Grow Up and Blow Away
With my student track rapidly running out, it seem I can't avoid that age old question: "what do you want to be when you grow up?" When I was little, my response was "a pay-lady"--what I called cashiers. Pushing all those buttons at the cash register! Getting to take people's money! Seeing what everyone bought and getting to talk to them! It seemed so thrilling.
As I got a bit older, and the novelty of pressing buttons gradually wore off, my goals shifted. I can't remember having any other well-defined profession in mind, though. I mostly just pursued whatever interested me. So here I am, after a long road in school and science, in grad school. It can be easy to look back on your life path and impose some grand plan. We like to see order, even when it isn't completely there. (I've done this plenty of times in application essays, explaining all of my research experiences and education as if they were clearly motivated from a desire to achieve my current goal.) I've had inklings of bigger plans and interim goals, sure. But if I'm honest, much of my education and extra-curricular pursuits have been more motivated by what I was interested in at the moment than by a bigger "dream".
I did enter grad school with the idea of staying in academia. Though it was definitely more of a general notion than a well thought-out plan. I think it may have also been because it was the obvious path. It's what grad students do, I thought. I was never really fully aware of other options for people interested in science/research. I also only had vague notions of what academic science was like. As much as people like to pretend undergrad research experiences prepare people for graduate school and beyond, it's just not true. It's not something you can really understand until you've steeped yourself in it.

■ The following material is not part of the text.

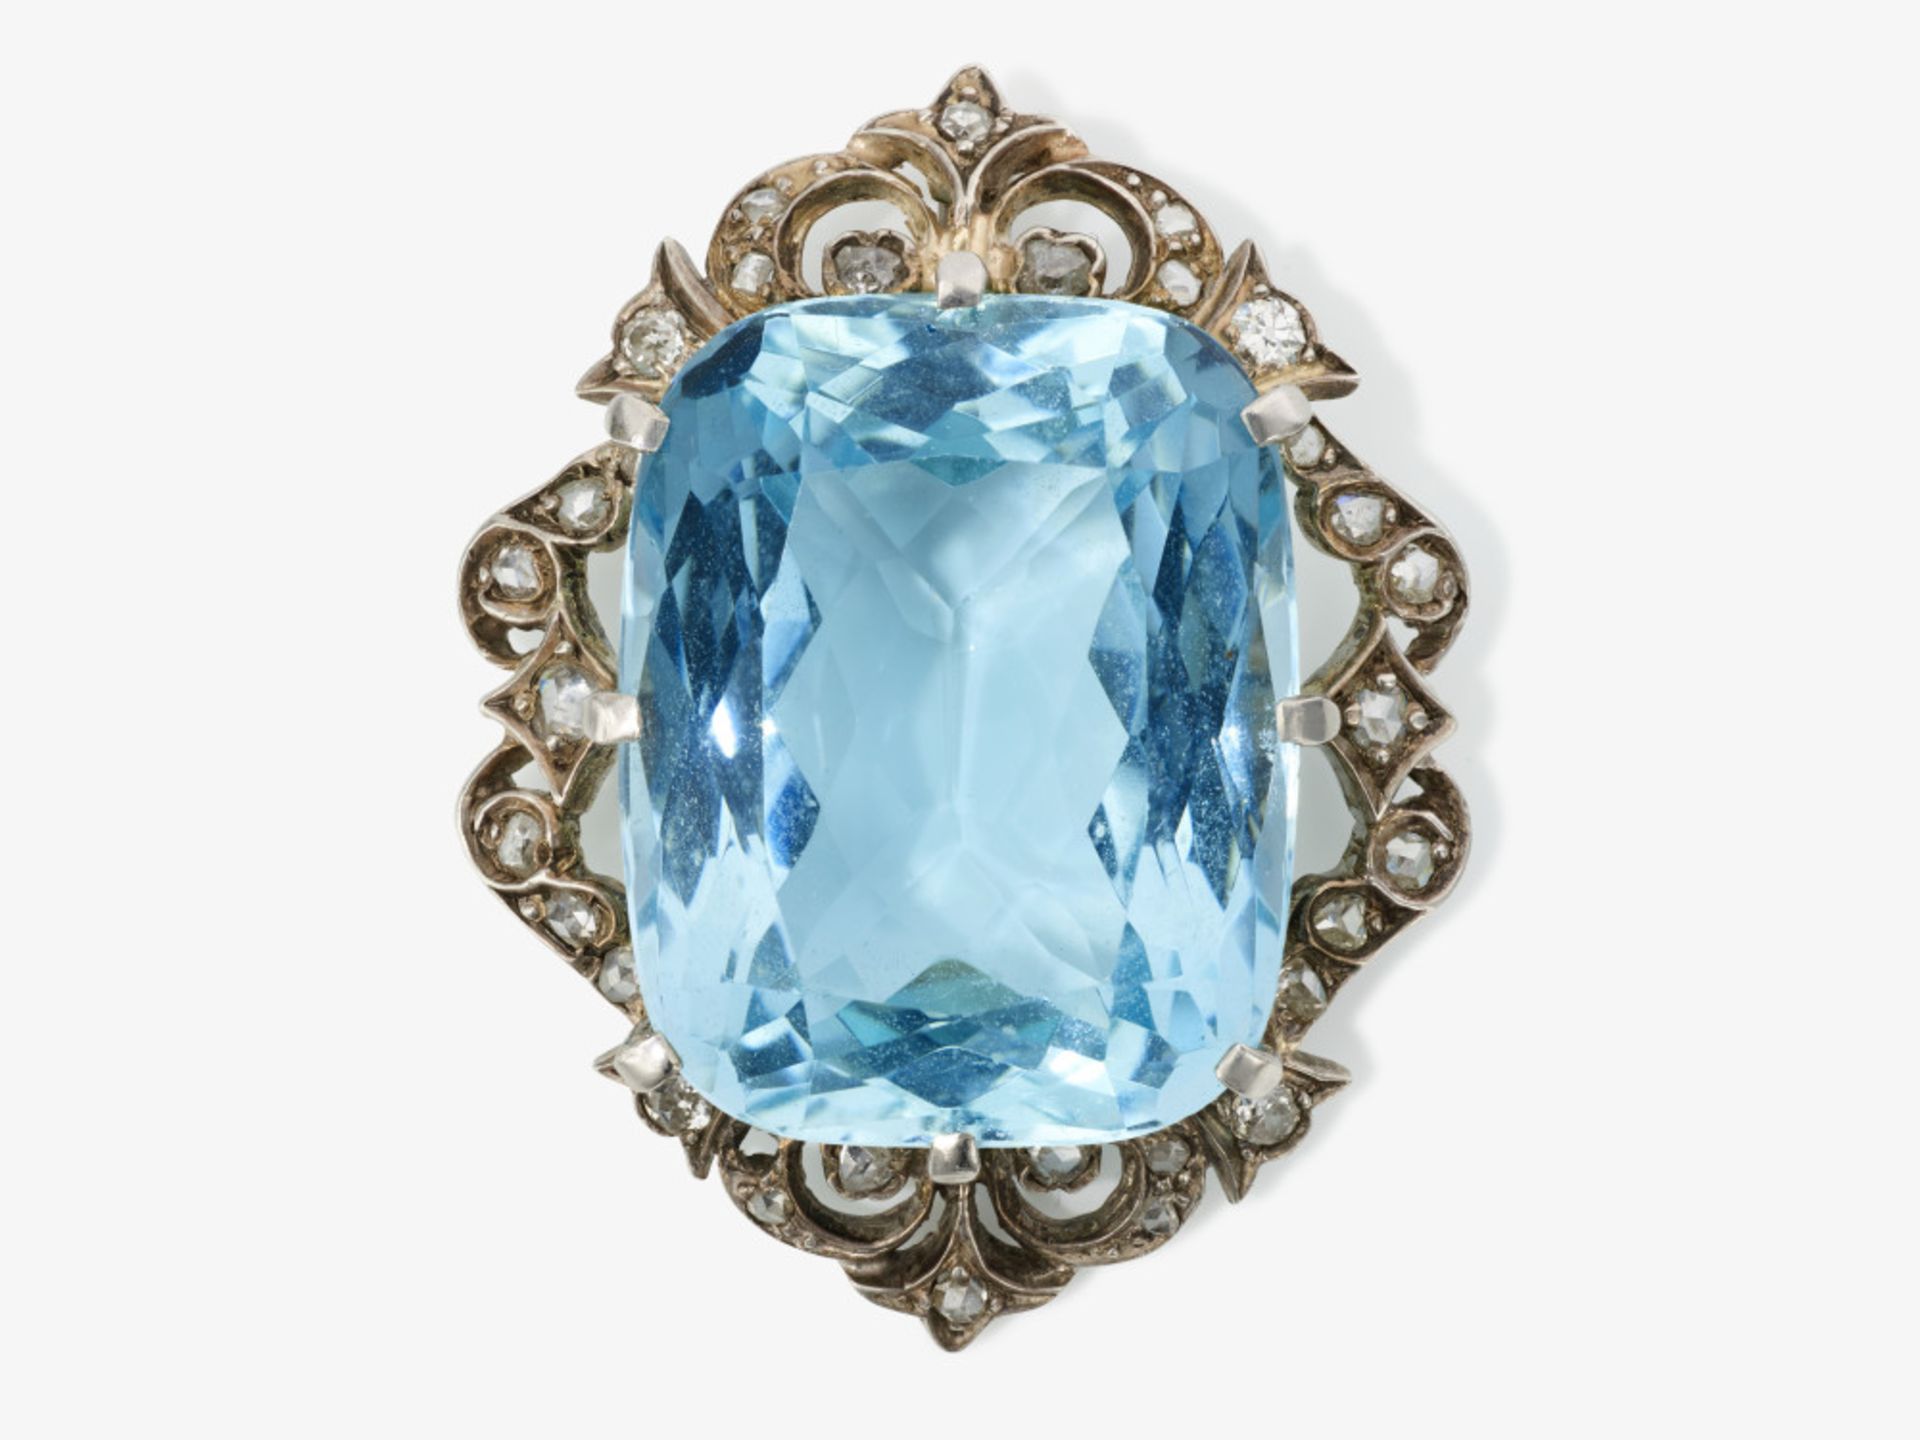 A historical pendant decorated with an azure blue natural aquamarine and diamonds - Probably England

I have steeped. And I'm not convinced I want to stay in the water. As I mentioned in my previous post, the past few months or so have left a slightly bitter taste in my mouth with regards to academia. (I think I'll save those rants for another day.) I'm not completely soured, yet. But I'm concerned enough to realize that I really need to stop and finally think about my career path. I finally need to answer that question I've been avoiding since the age of 5. Are my current reservations about academia just passing resentment about some negative situations? Or is there something better out there for me?
That thought is overwhelming. Feeling like I have potential and options is simultaneously exciting and stressful. Particularly since making life decisions is not my strongest suit. I've been trying to narrow down the field a bit to make things less daunting. But that seems to require answering an exploding list of even harder questions: What are my best skills, and what do I enjoy doing the most? Do I want to be the big-shot, workaholic; or do I want a job that let's me have a real life outside of work? Am I driven more by passion/interest, or do I need my work to have a broader impact on society? Do I want to live in a particular place/area? etc. etc. And what of these qualities are a priority?
Sheesh, who knew being an "adult" would be so hard?
I've been seeking out as many career seminars as I can over these last few months, trying to get a sense of what other jobs are out there and what they're like. Slowly attempting to collect data and fill in some of the many many blanks. Some of the most consistent advice I've heard is to use internship and fellowship programs to explore. That seems reasonable, and it's something I'm seriously considering. Try different things, gain new experiences, and hone in on the ideal career. Shuffling around for a while could also take advantage of my relative freedom now, before I go and become a real adult with a family.
But in the back of my mind, I worry I'll just use internships to further put off answering The Question. But maybe that's ok for a while? I can delay being a real grown-up for a bit, right?